WASHINGTON: The Trump administration on Thursday ordered a social media vetting for all US visa applicants who have been to the Gaza Strip on or after January 1, 2007, an internal State Department cable seen by Reuters showed, in the latest push to tighten screening of foreign travelers.
The order to conduct a social media vetting for all immigrant and non-immigrant visas should include non-governmental organization workers as well as individuals who have been in the Palestinian enclave for any length of time in an official or diplomatic capacity, the cable said.
“If the review of social media results uncovers potential derogatory information relating to security issues, then a SAO must be submitted,” the cable said, referring to a security advisory opinion, which is an interagency investigation to determine if a visa applicant poses a national security risk to the United States.
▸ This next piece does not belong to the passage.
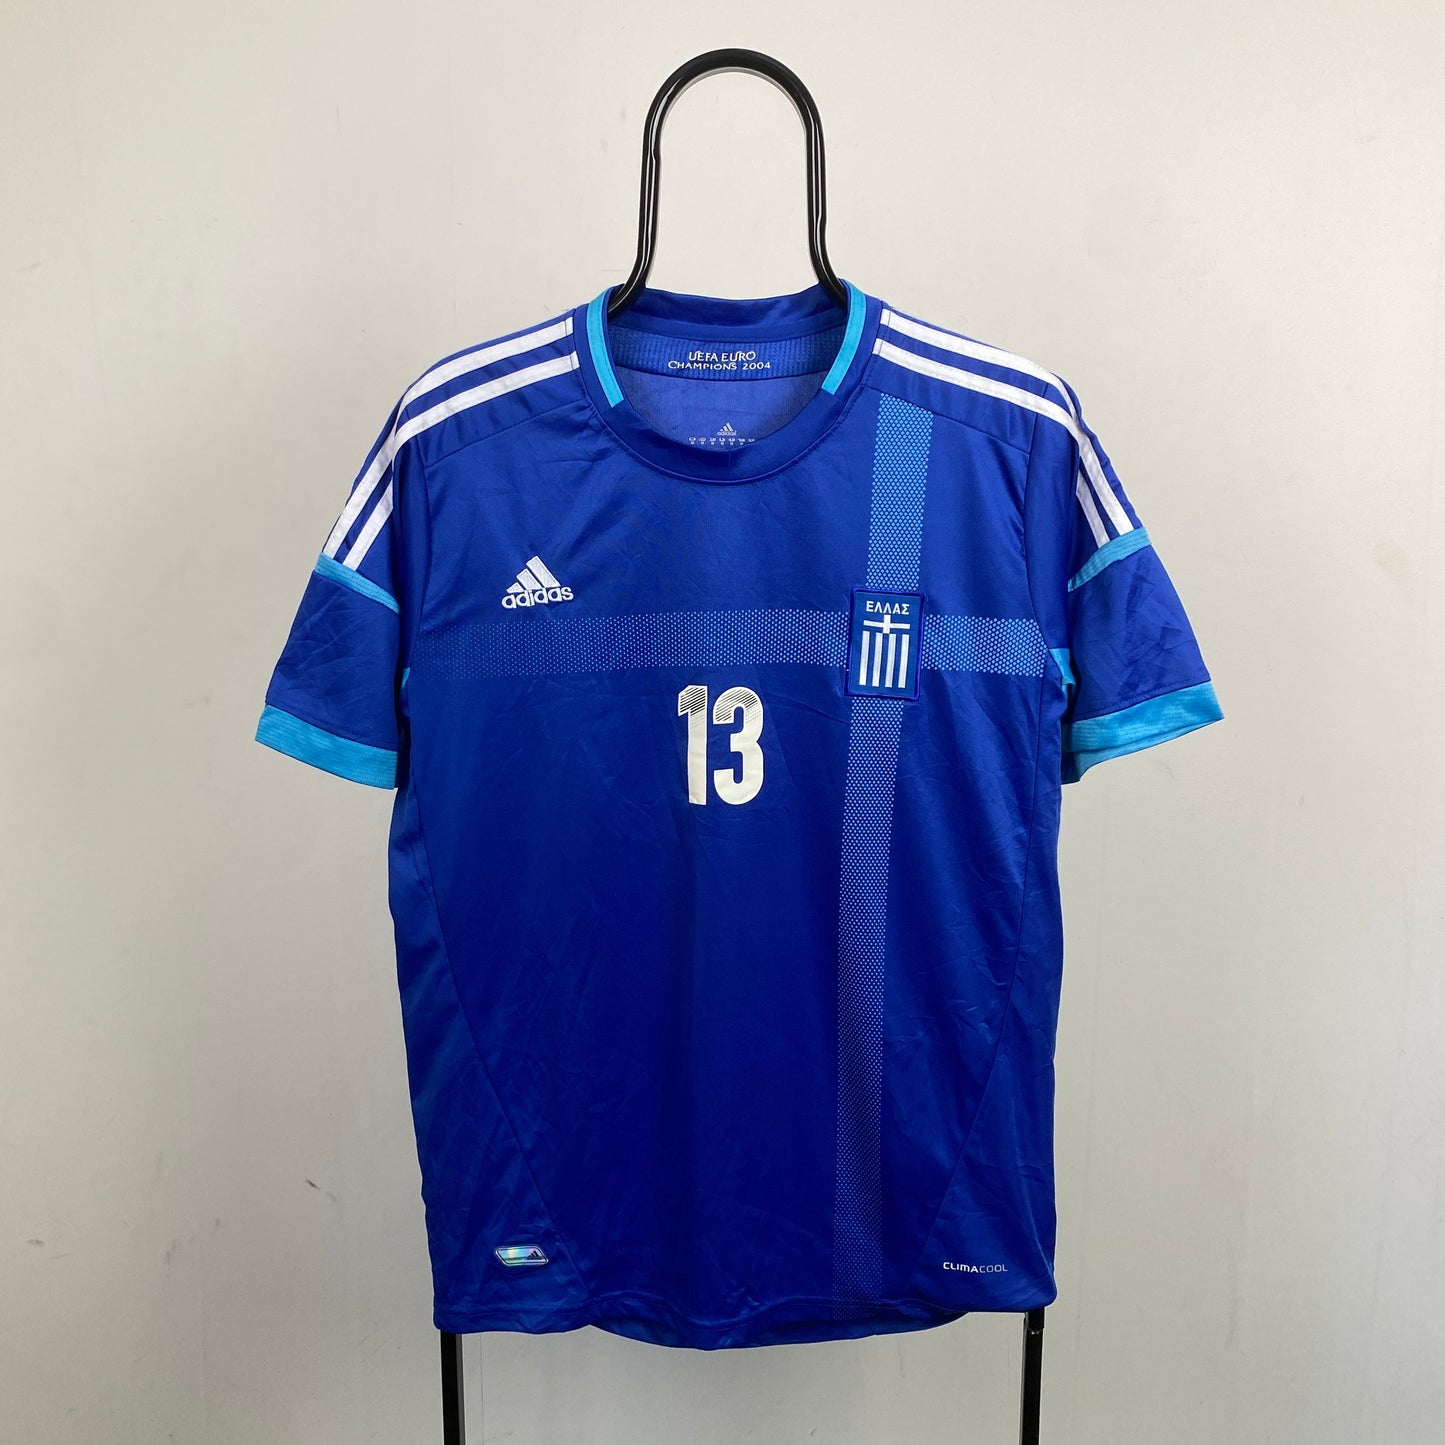 00s Adidas Greece Football Shirt T-Shirt Blue Medium

The cable was sent to all US diplomatic and consular posts.
The move comes as President Donald Trump’s administration has revoked hundreds of visas across the country, including the status of some lawful permanent residents under a 1952 law allowing the deportation of any immigrant whose presence in the country the secretary of state deems harmful to US foreign policy.
The cable dated April 17 was signed by US Secretary of State Marco Rubio, who said in late March that he may have revoked more than 300 visas already.
The State Department did not immediately respond to a request for comment.
Trump officials have said student visa holders are subject to deportation over their support for Palestinians and criticism of Israel’s conduct in the war in Gaza, calling their actions a threat to US foreign policy interests.
Trump’s critics have called the effort an attack on free speech rights under the First Amendment of the US Constitution.
The US Constitution guarantees freedom of speech for everyone in the US, regardless of immigration status. But there have been high-profile instances of the administration revoking visas of students who advocated against Israel’s war in Gaza.
Among the most widely publicized of such arrests was one captured on video last month of masked agents taking a Tufts University student from Turkiye, Rumeysa Ozturk, into custody.
When asked about Ozturk at a news conference last month, Rubio said: “Every time I find one of these lunatics, I take away their visas” and he warned there would be more individuals whose visas could be revoked.